This project is a part of the Lambda School Build Week April 2019
-- Project Status: [Completed]
Post Here helps you find the best place to share your post on Reddit. The user enters their post and Post Here finds the subreddit that is most appropriate for that post using data science methods.
Natural Language Processing Predictive Modeling
- AWS
- PRAW
- SpaCy
- Sci-kit Learn
- NLTK
- String
- Flask
- Pickle
- Re
- Pandas
- URLlib
Frontend developer to provide a layout for theme/color scheme, integrating content and creating user form for input.

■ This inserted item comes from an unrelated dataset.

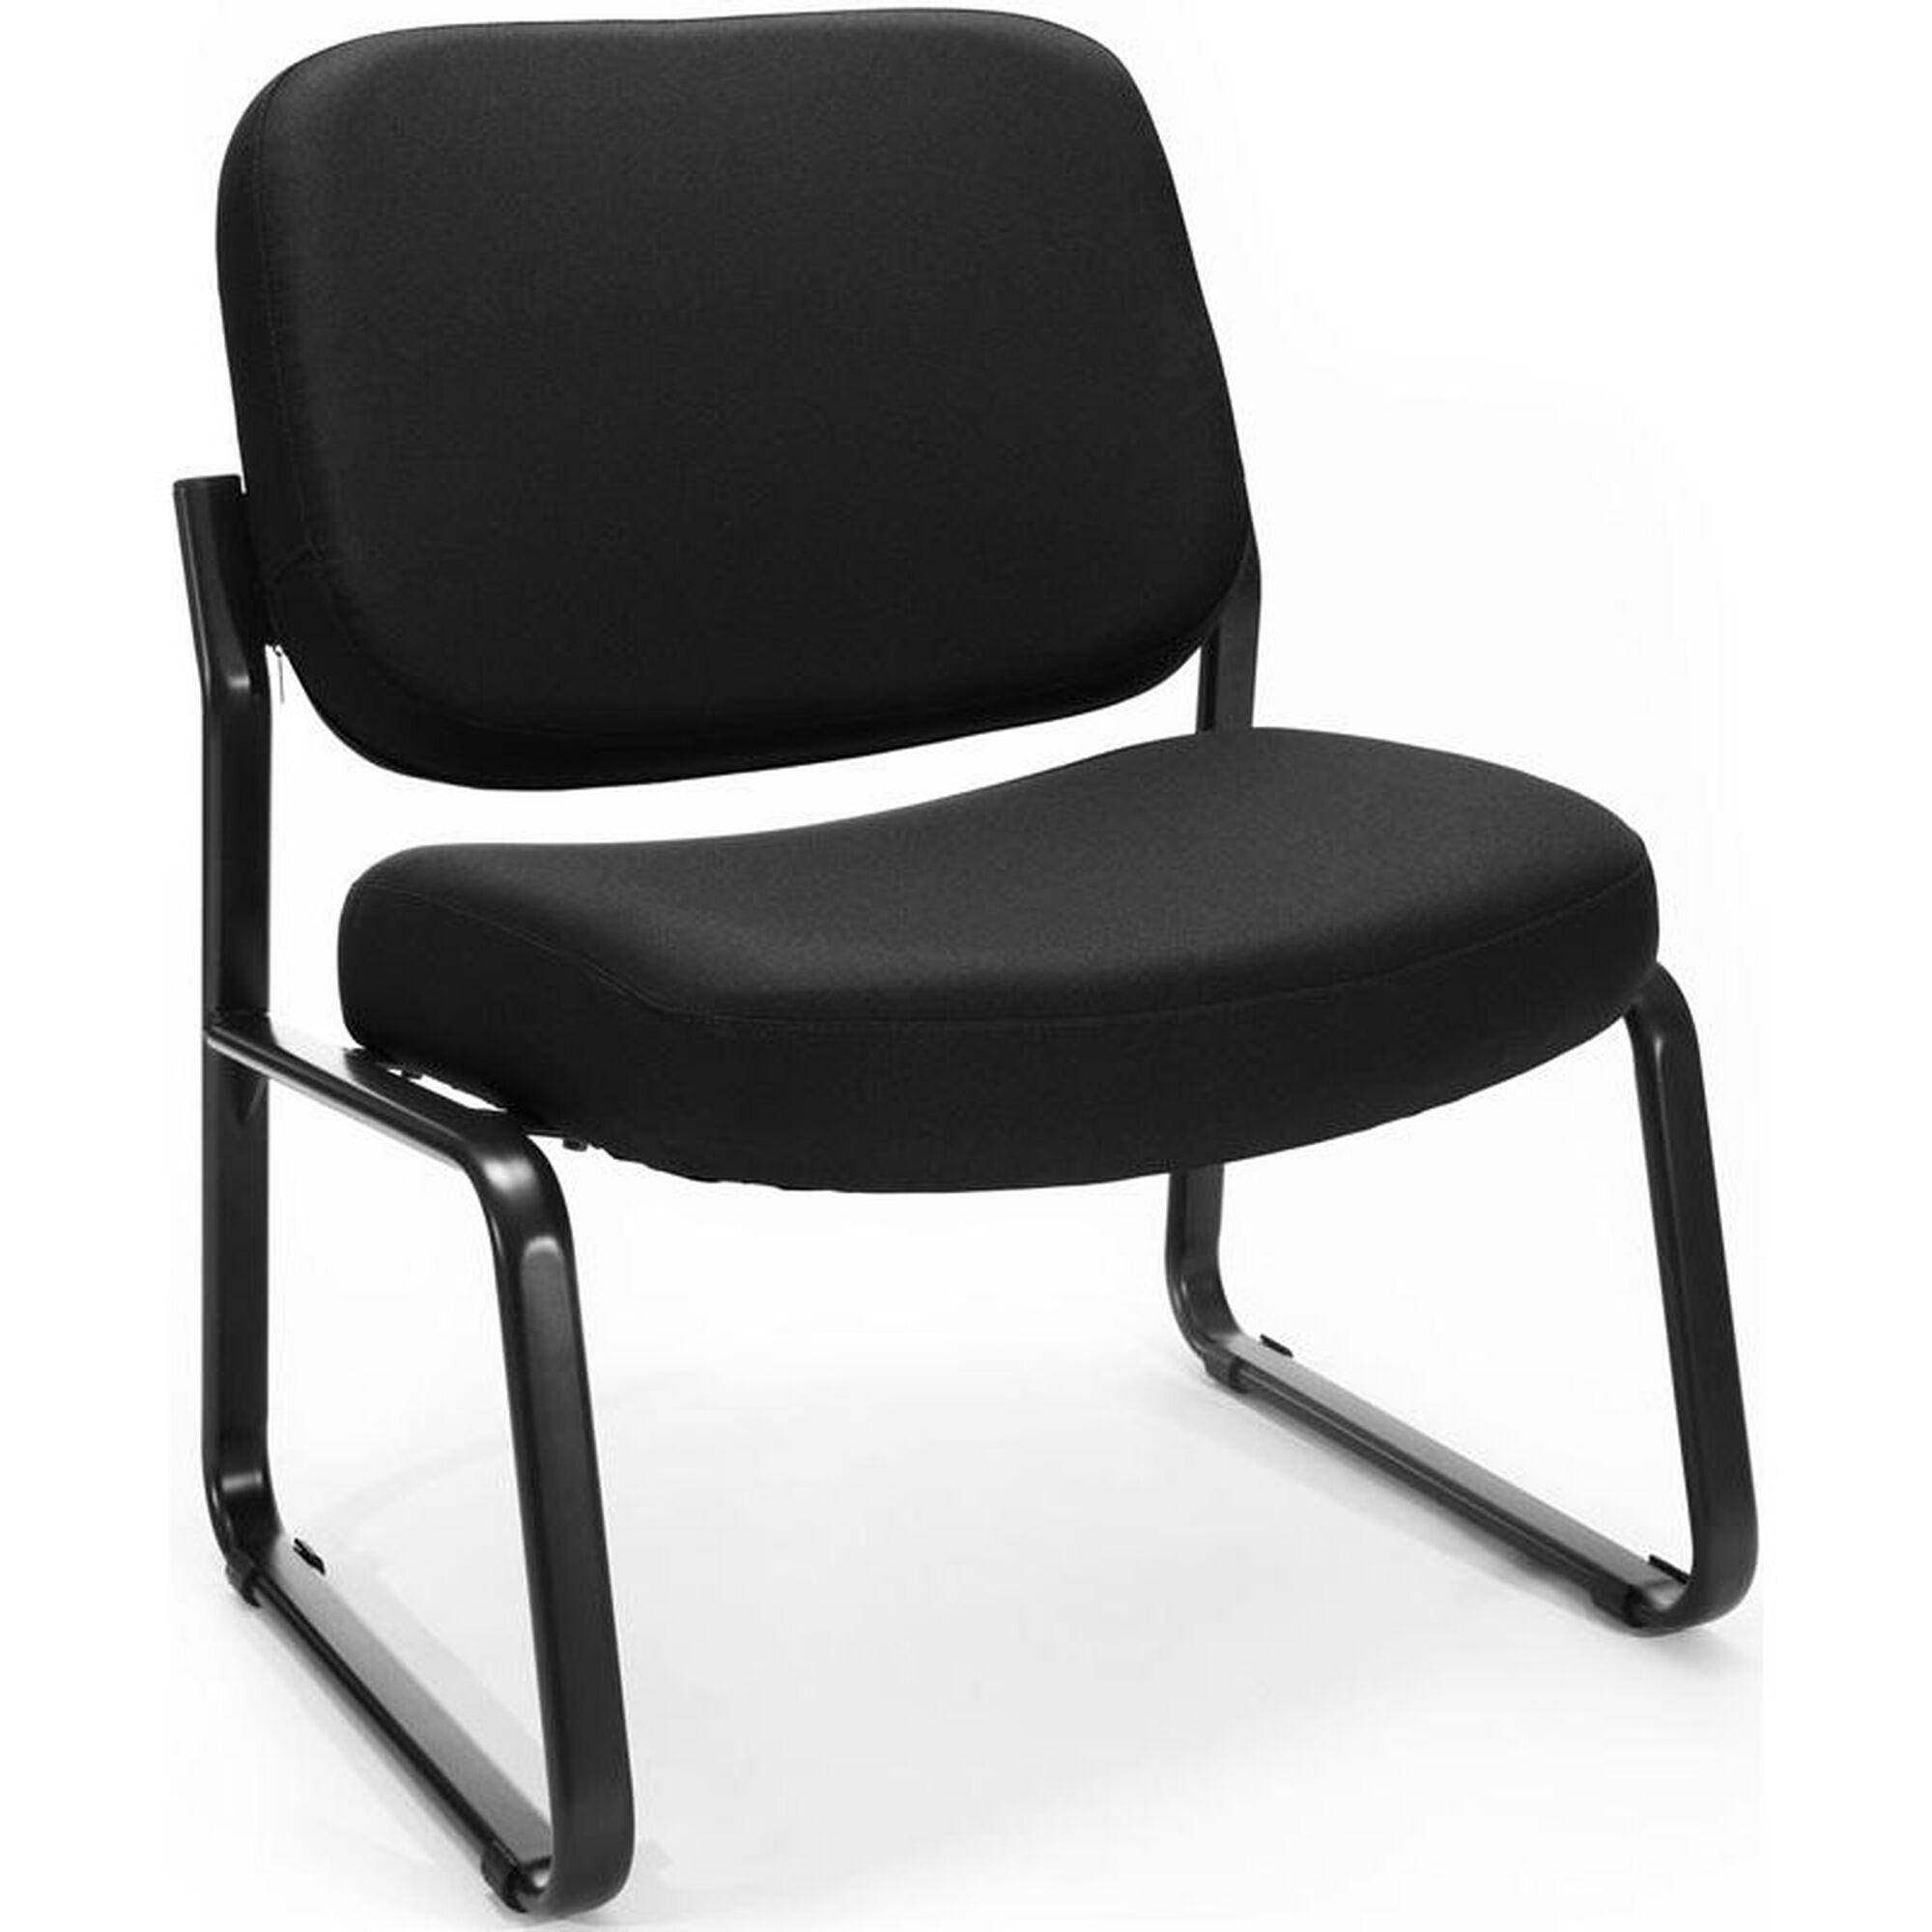 Super Big Tall Guest And Reception Fabric Chair Black Creativecarmelina Interior Chair Design Creativecarmelinacom
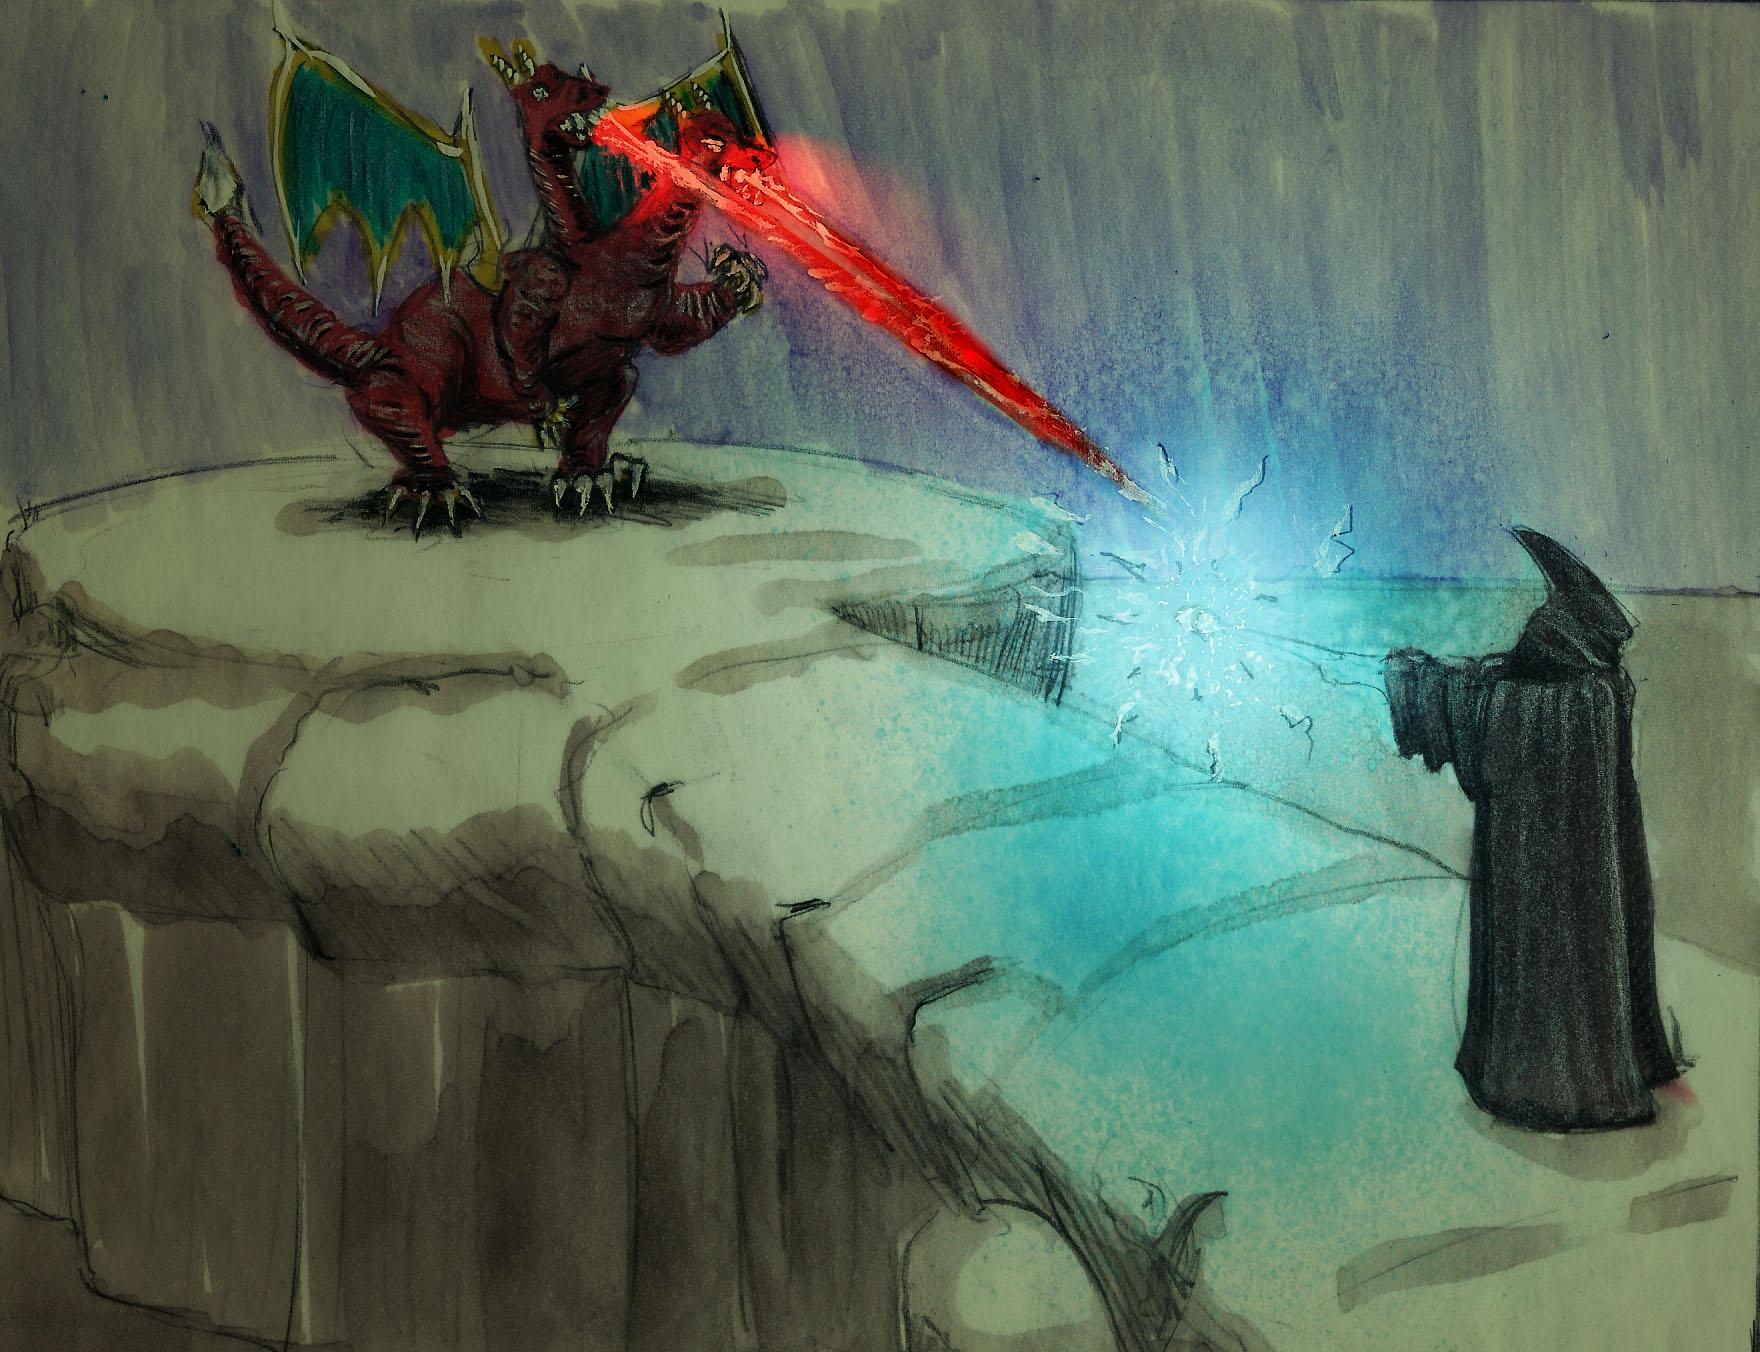 Download Wizard Vs. Dragon Games - purebackup | 1760 x 1352 jpeg 407kB

Backend developer for securing endpoints, authenticated login, and routing user input and output of DS API.
Access to AWS to host Flask app with API and Reddit post data.
Data exploration/descriptive statistics
Data processing/cleaning
Word vectorizing
Statistical modeling
Clone this repo
If you want more recent data you will need to:
-
Request access to Reddit API: https://docs.google.com/forms/d/e/1FAIpQLSezNdDNK1-P8mspSbmtC2r86Ee9ZRbC66u929cG2GX0T9UMyw/viewform
-
Pull posts from the Reddit API using PRAW and store in a database or a csv file.
-
Retrain the model and create a new .pkl file.
You can host the Flask app locally or use another platform like AWS.